DESCRIPTION OF THE TASK: All the lines below need to be transcribed exactly. Pictures get left out.

COLLECTED DATA:
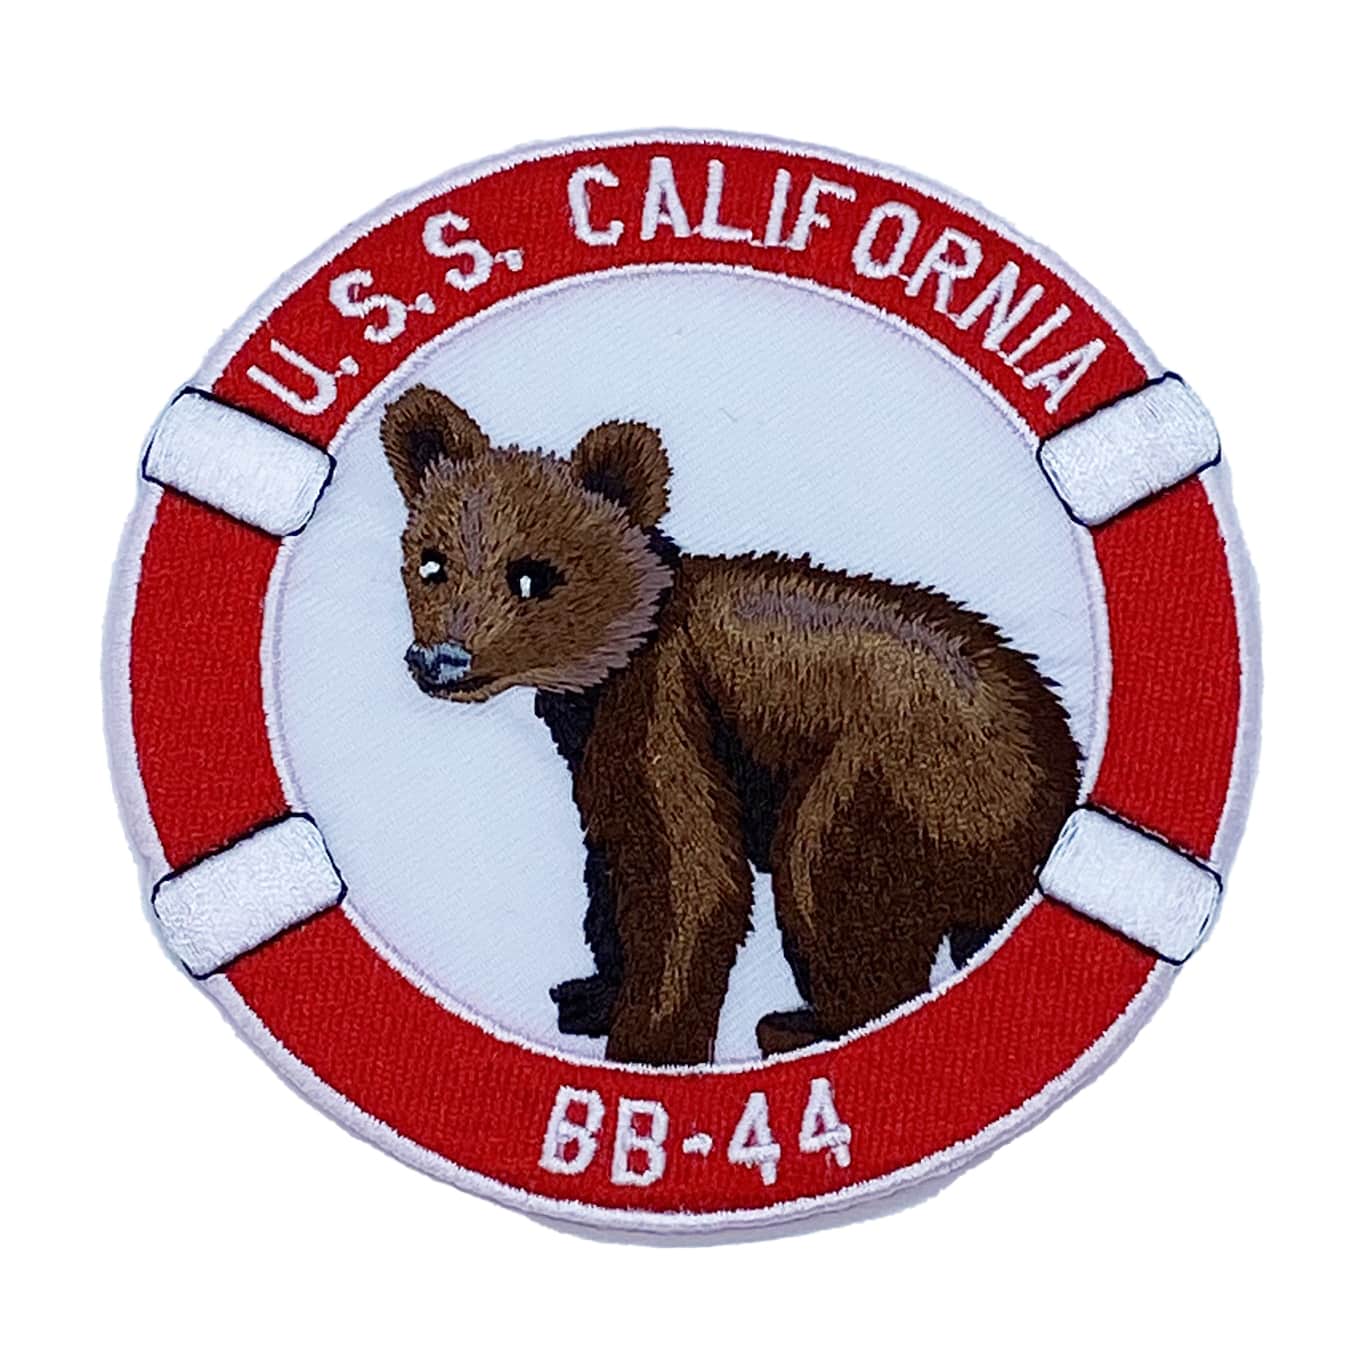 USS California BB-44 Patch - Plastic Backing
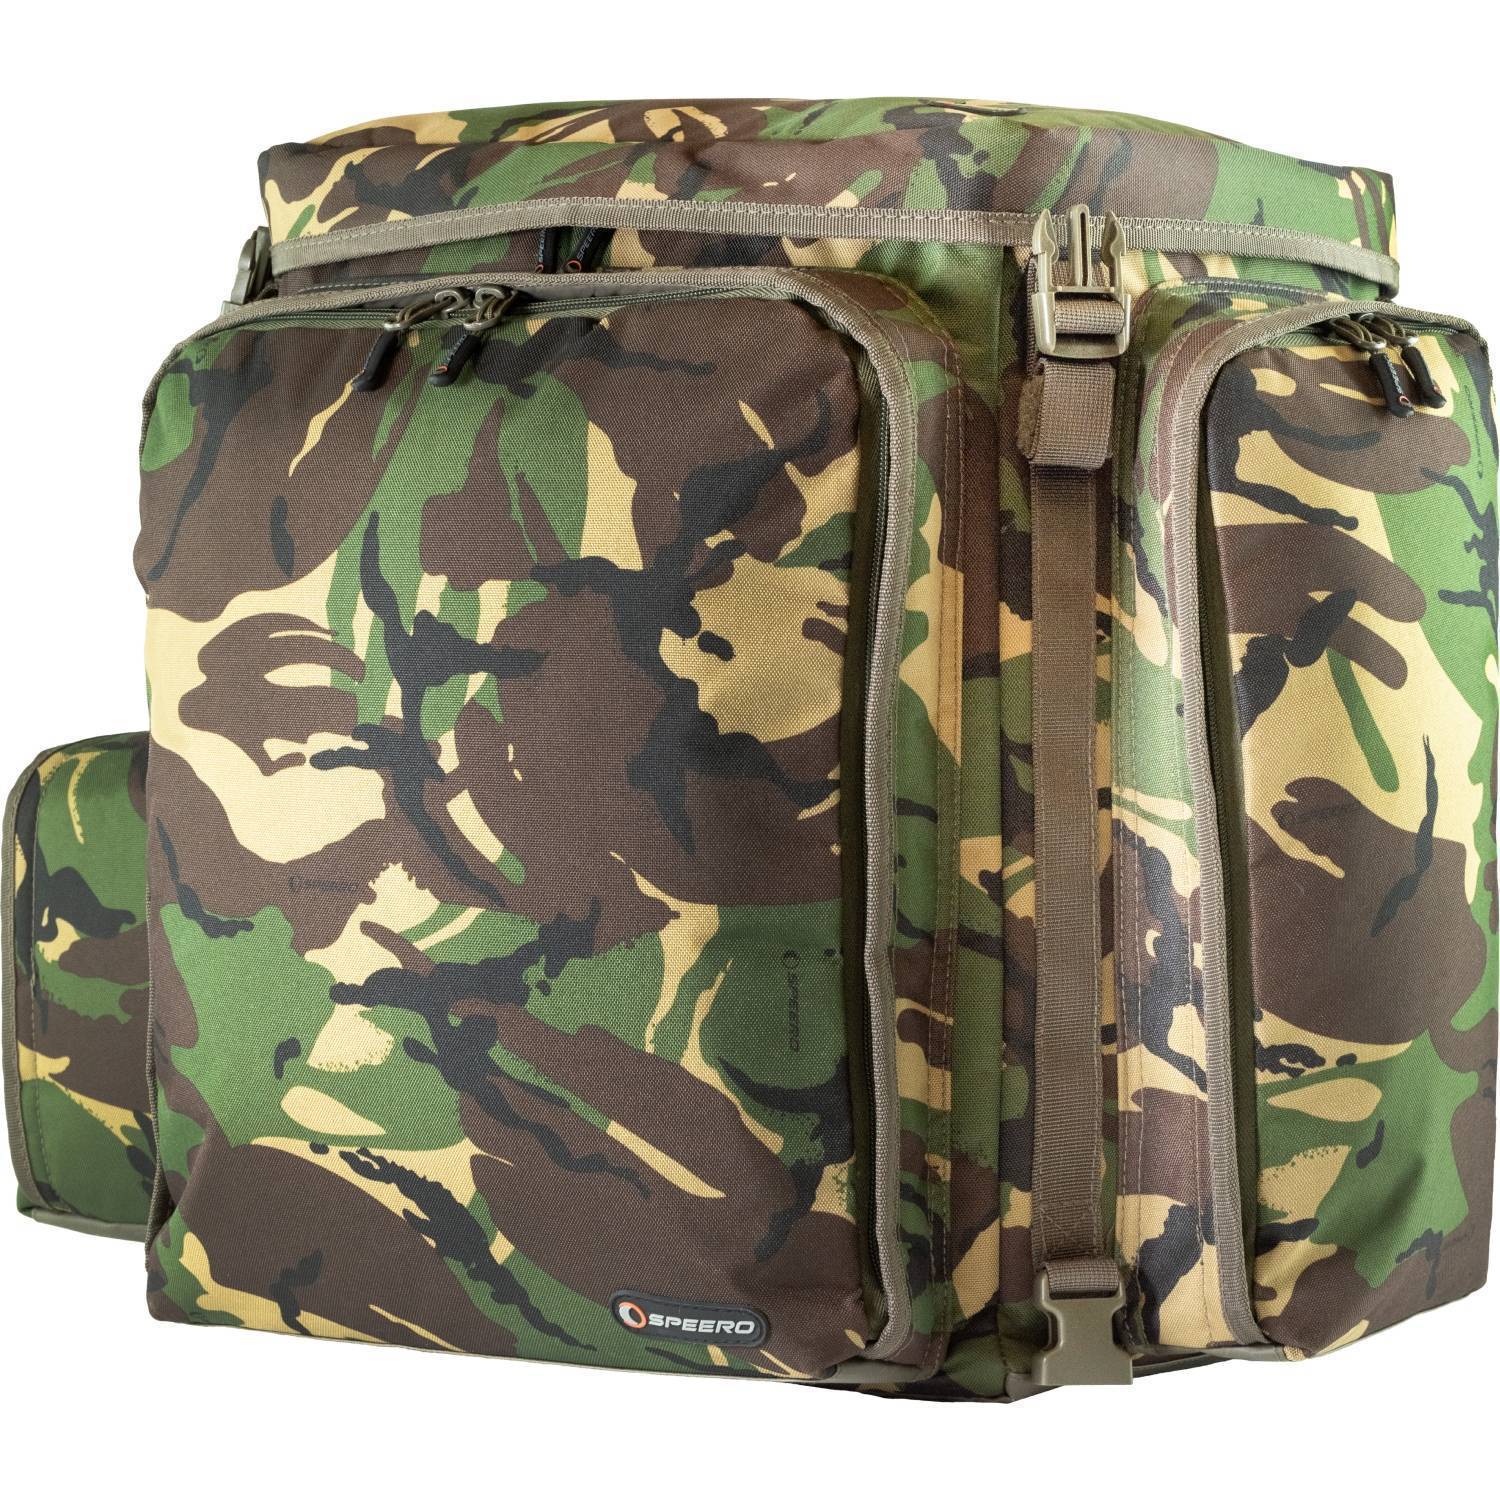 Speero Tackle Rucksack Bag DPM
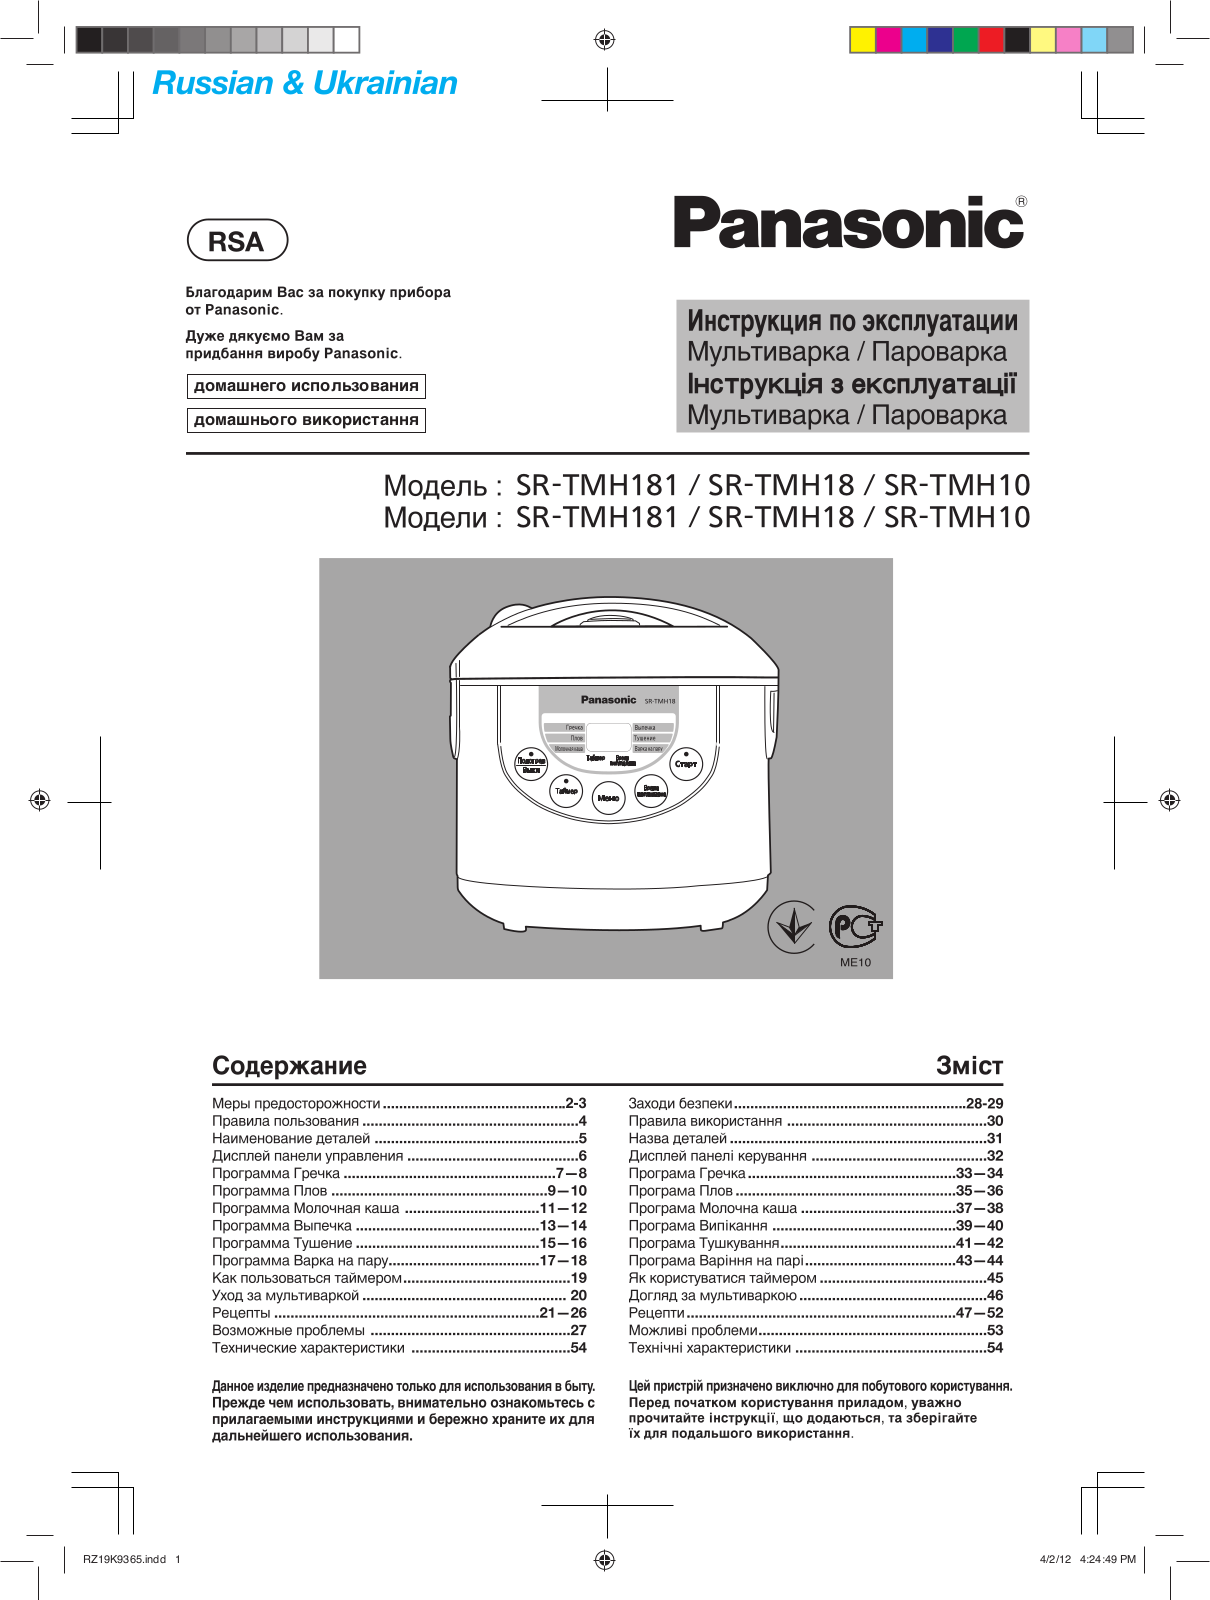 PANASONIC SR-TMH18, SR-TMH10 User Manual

TASK OUTPUT:
 USS California BB-44 Patch - Plastic Backing
 Speero Tackle Rucksack Bag DPM
 PANASONIC SR-TMH18, SR-TMH10 User Manual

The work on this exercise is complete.